WORK ITEM:
Your output should be the lines below from the one holding "SheIsland. կղզի, որտեղ" through the one holding "Antique Brass Shower", transcribed exactly, with no pictures.

DATA TO PROCESS:
################
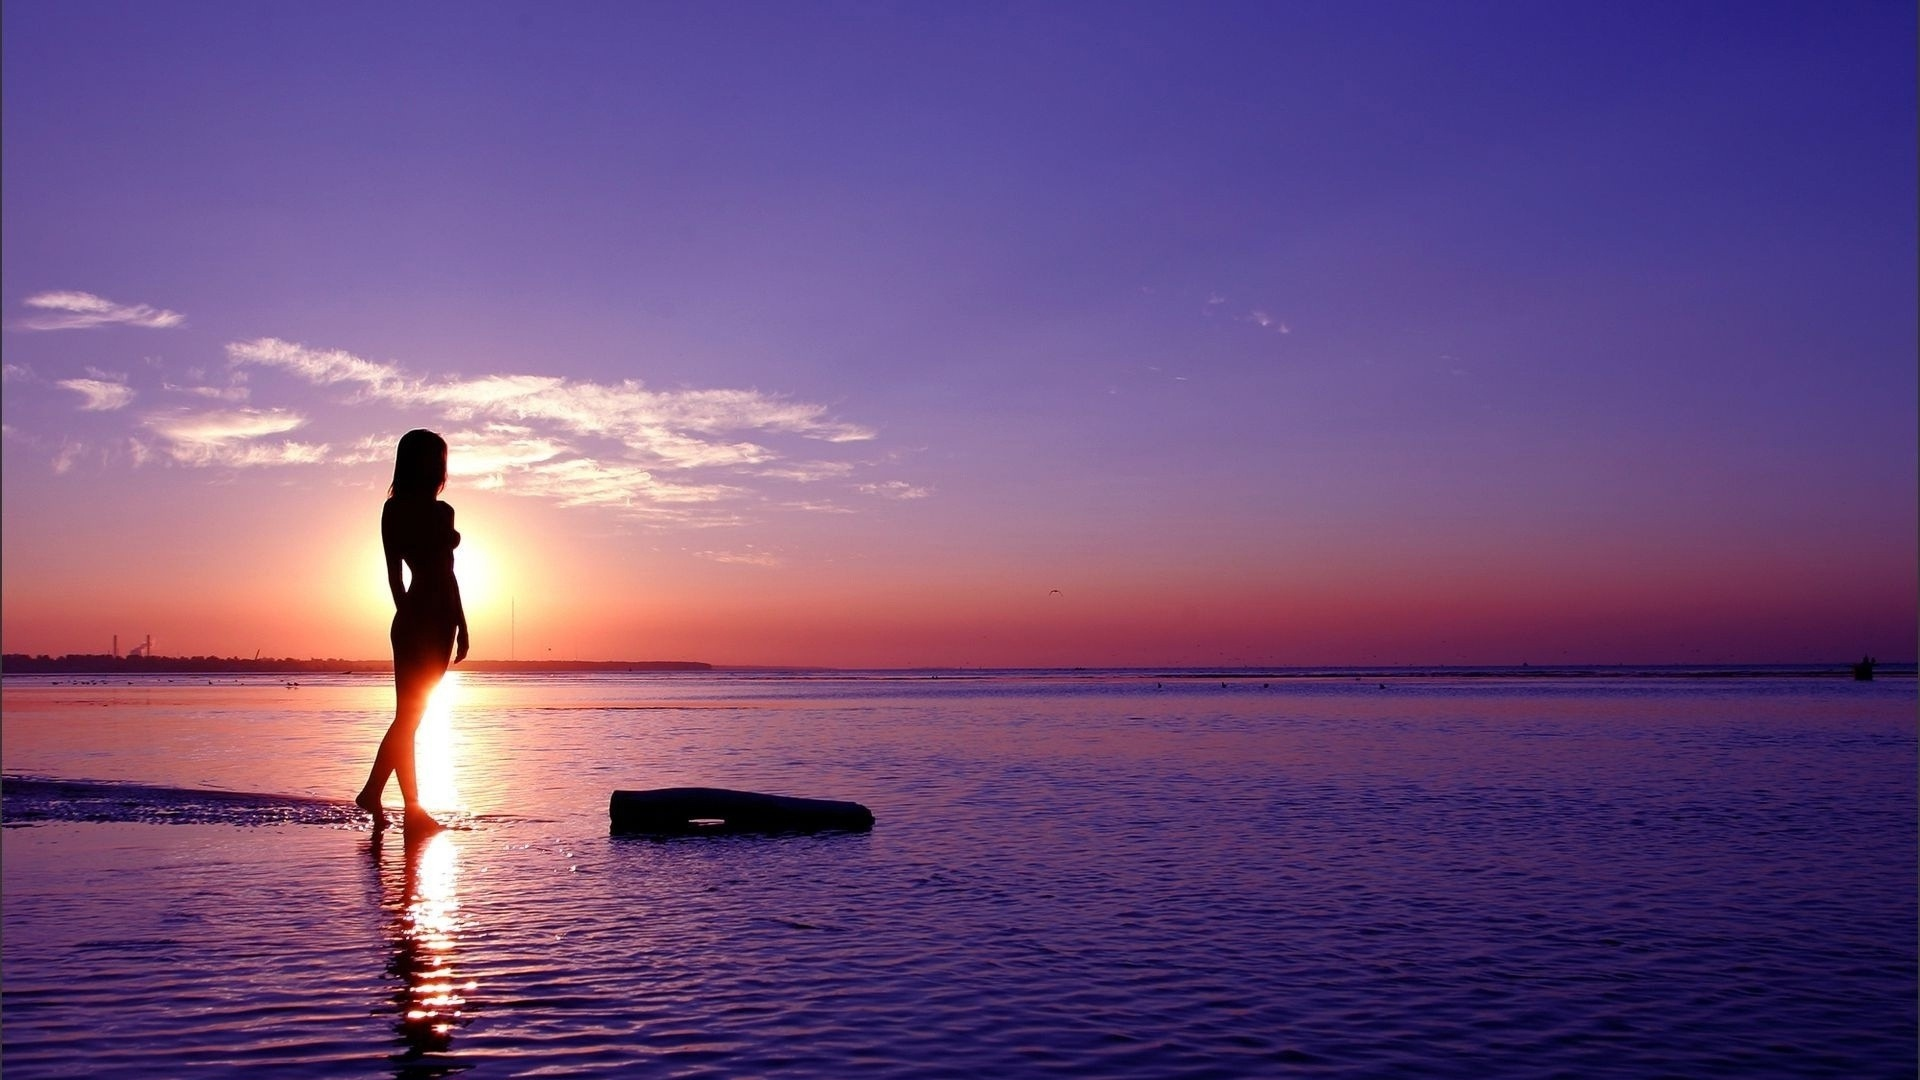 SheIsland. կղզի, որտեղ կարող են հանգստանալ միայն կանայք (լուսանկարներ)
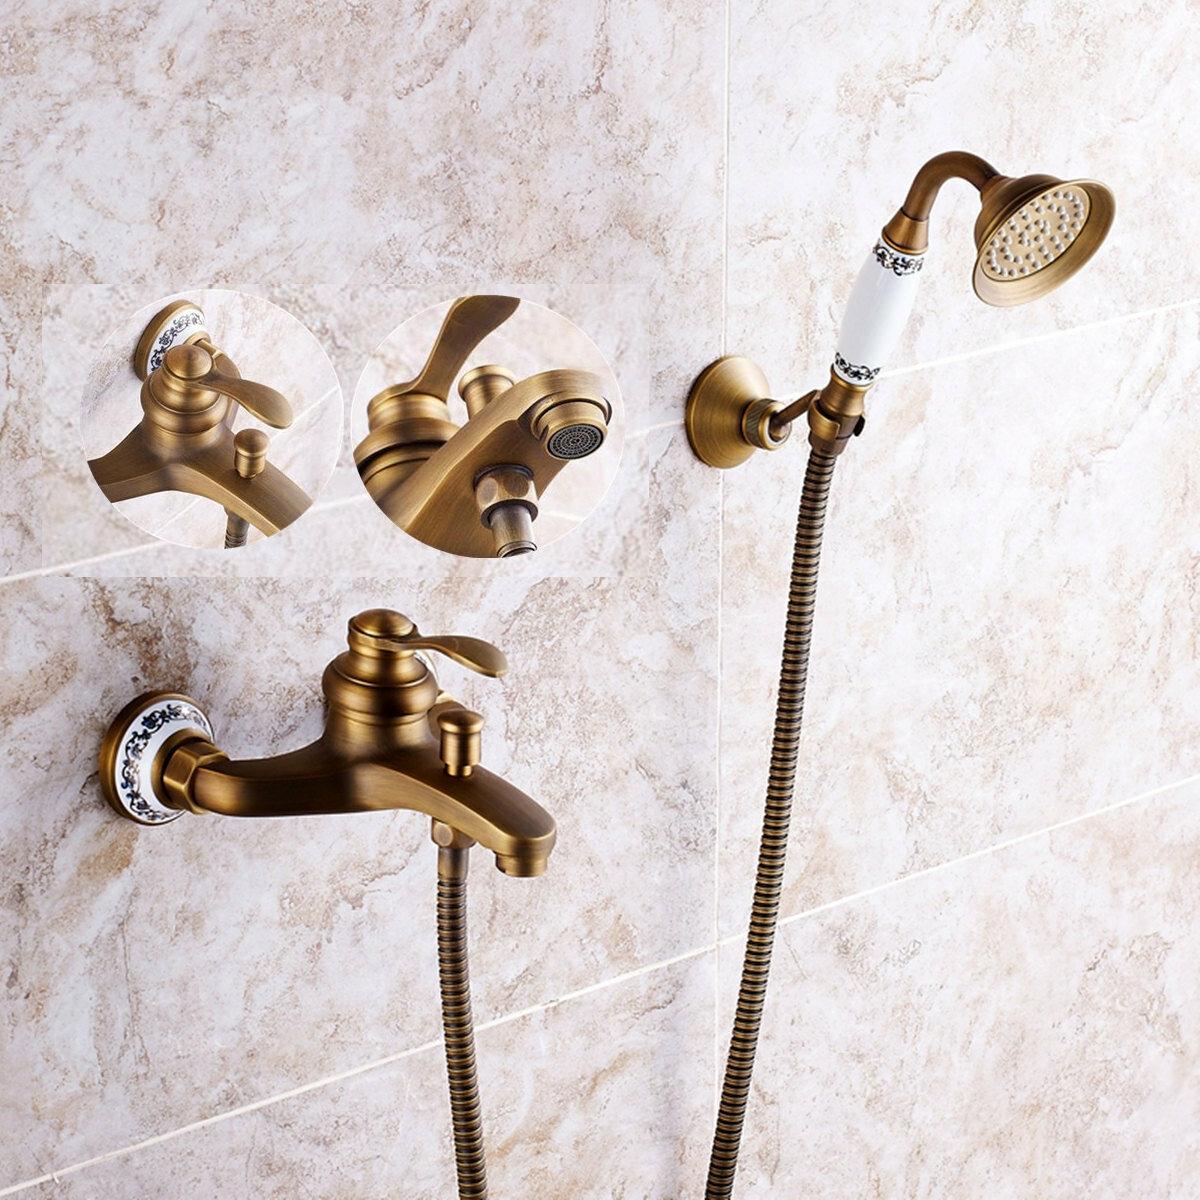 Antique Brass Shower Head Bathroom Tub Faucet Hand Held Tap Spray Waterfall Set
################
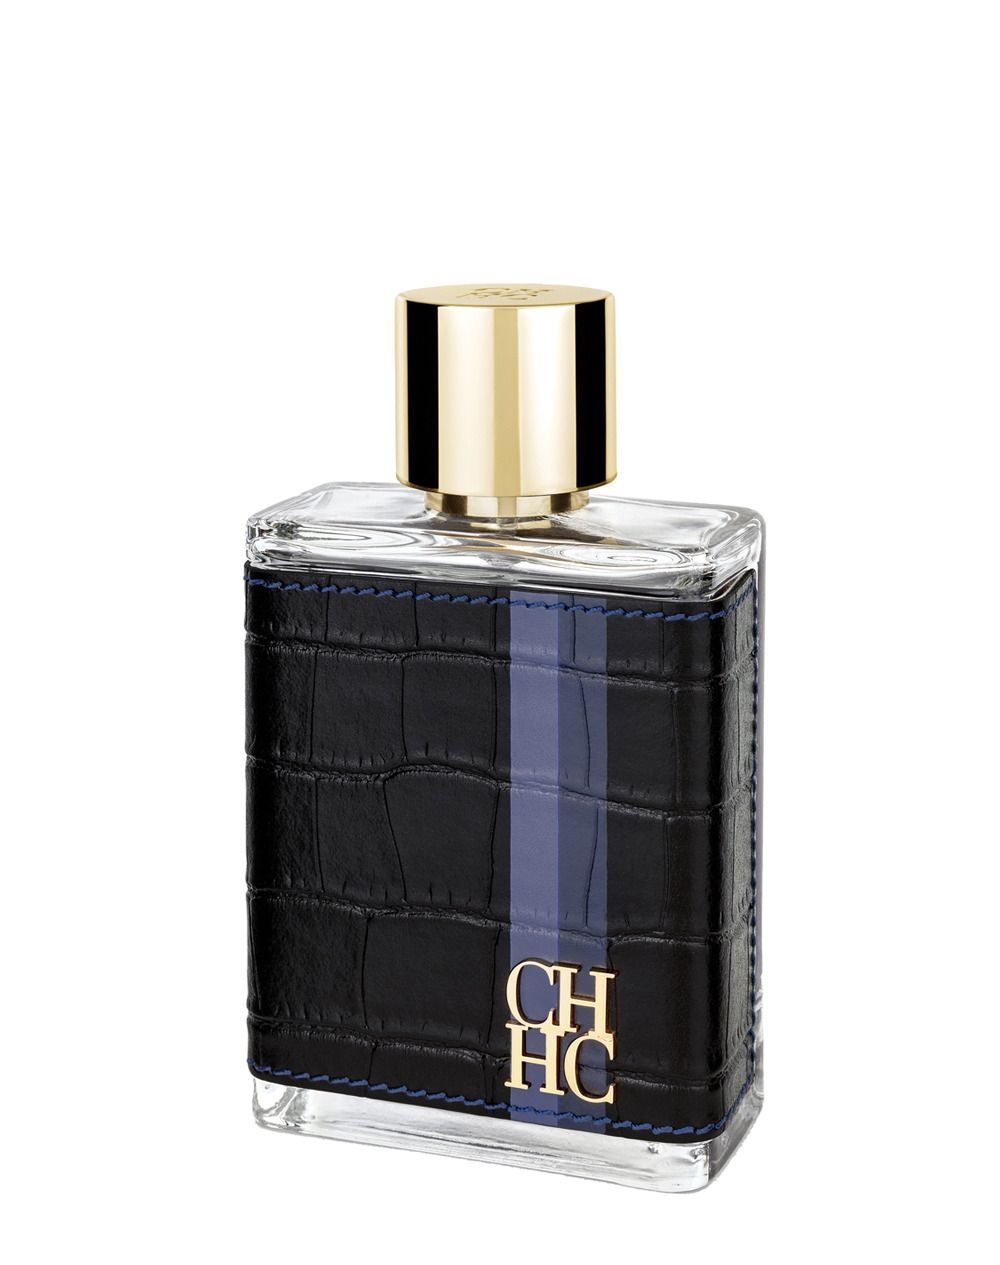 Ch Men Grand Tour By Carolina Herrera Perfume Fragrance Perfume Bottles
################
ANSWER BOX:
 SheIsland. կղզի, որտեղ կարող են հանգստանալ միայն կանայք (լուսանկարներ)
 Antique Brass Shower Head Bathroom Tub Faucet Hand Held Tap Spray Waterfall Set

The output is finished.